No, I was just thinking of RL machines in general. I do happen to believe
that the process of evolution is yet another example of an RL machine, and
I do believe the creation of complex live forms is yet another example of
the creativity of RL machines, but I was not thinking of that at the time I
wrote the above. All RL machines are creative within their domain of
behavior.
But back to the issue of random moves.
RL machines constantly improve their behavior. They never make random
moves. Their moves are always a best guess answer to what it should do at
the time. The more experience the machine accumulates, the better the
guesses become. There's nothing random about it.
Each new child born is not a random act. If it were, humans might give
birth to cows, or rocks. That would be a random act. But they don't.
They give birth to a life form that is the system's best guess at what will
be good at surviving based on past experience.
Searching for better behavior generation systems which can
be reinforced is the key.
Any behavior *can* be reinforced. Searching for a behavior
generator that can produce behaviors worth reinforcing I
would suggest is the main problem.
Yes. That's the key. A learning system that never produces a behavior of
riding a bike without falling over is never going to learn to ride a bike
no matter how much practice it gets.
The trick is in the system's power to abstract good behaviors from past
experience. It has to combine learned knowledge from multiple past
behaviors in order to produce a constant stream of better behaviors.
The better the system is at abstracting similarities between situations,
and using the learned knowledge from those similar past experiences to
select a "good" behavior for the current situation, the faster the system
will learn.
The whole issue is tied to the idea that when the agent is rewarded for a
behavior, it must learn to apply that reward to other future situations
which are similar. But how does it measure this concept of "similar"? How
should it determine that one set of stimulus signals is similar to another
set of stimulus signals?
If we see a dog, and we learn that a type of behavior in response to the
dog is good, how does the brain know when we see the dog that we should use
the same behavior? It can only do this if it is able to classify the
sensory data as being "similar". But if we are seeing the dog from a
completely different perspective this time, how does the brain know that
the current visual data of the dog is similar to visual data the last time
we saw the dog? Or maybe even a better example, if we see a different dog,
(a brown one instead of a black one), how does the learning brain know that
this is a situation similar to the situation of the black dog?
It can only make that sort of judgment of being similar correctly if the
brain has on it's own, without reinforcement training, learned to abstract
out the features of a dog, and notice that many of the features of this
situation are similar to the situations of the last dog, even if the color
of the hair on the dog is different.
Building a system which can correctly abstract out common features in
sensory data like this so that learning can be applied correctly to
"similar" situations is key, and it's a key which I don't think anyone has
solved. And without solving this key part of the problem, the actual act
of reenforcement isn't very interesting because the system won't correctly
apply it's learning to other "similar" situations.

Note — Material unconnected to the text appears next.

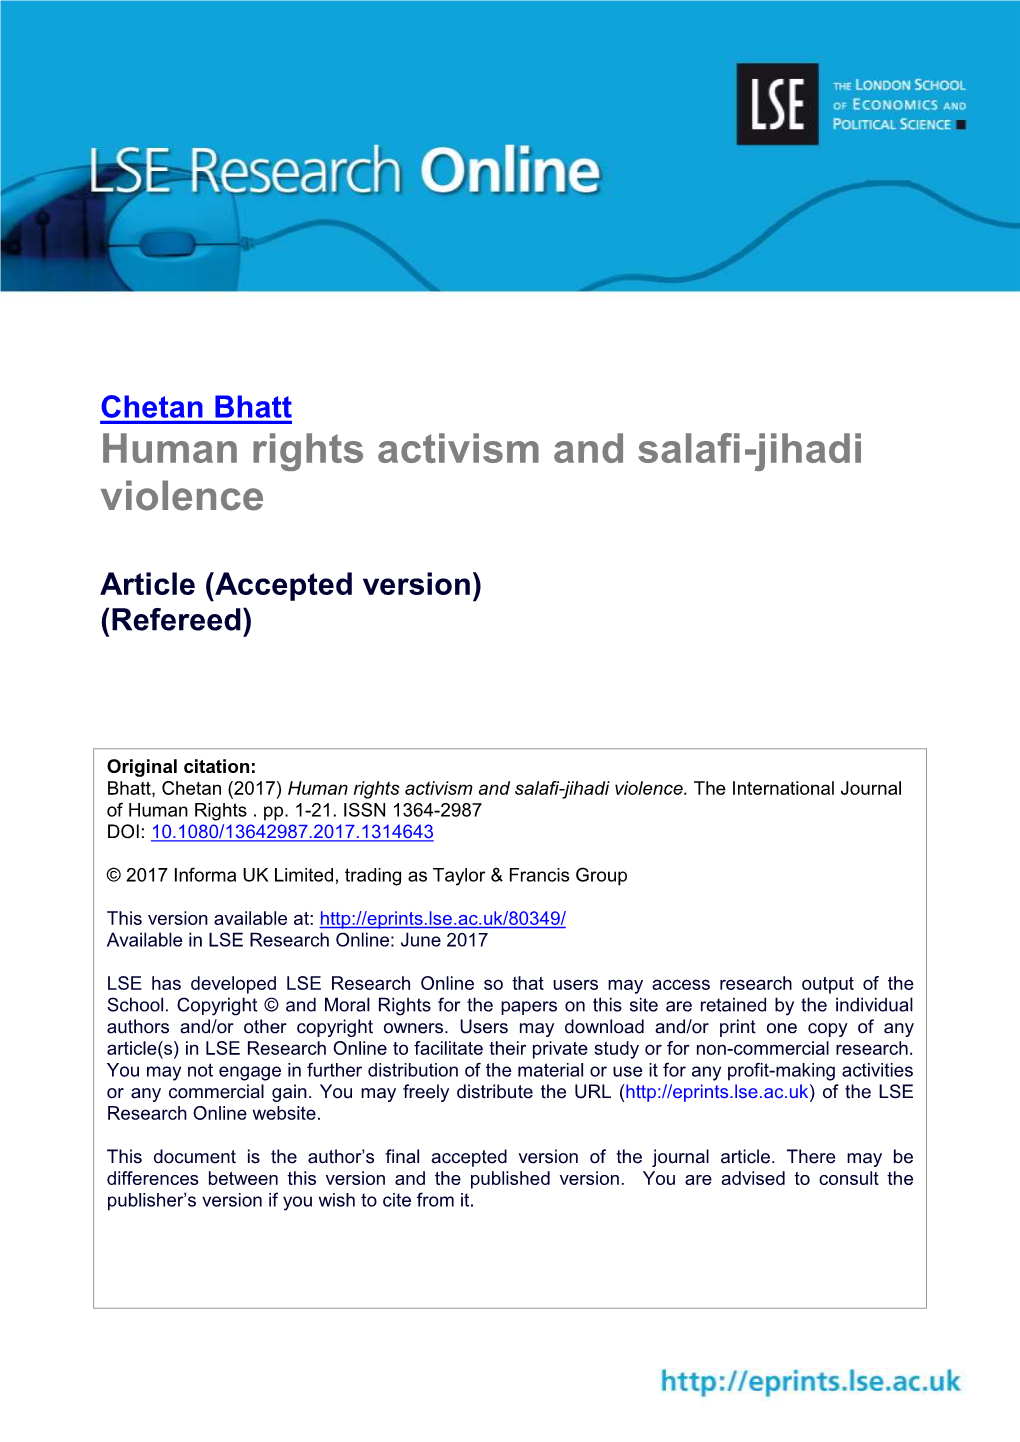 Human Rights Activism and Salafi-Jihadi Violence

This is the same problem as we have talked about in the past of how the
brain is able to identify the stimulus to apply the reinforcement to. It's
easy for us to see that the rat is learning to respond to a stimulus of a
light flashing, but how is the rat's brain transforming the raw stimulus
data into some internal representation that allows it to "see" the light in
the first palace? This is the question that I don't think anyone has
really answered. A strong RL system has to first transform the sensory
data from the environment into "objects" like "flashing light" so that all
learning can be applied to these sorts of environmental features instead of
applying it directly to features of the raw data.
It can be argued that this transformation ability is unique for each type
of data and that evolution has built different modules for transforming
each type of data for us to make it easy to learn from. However, I think
this transformation is far more automatic and generic than that.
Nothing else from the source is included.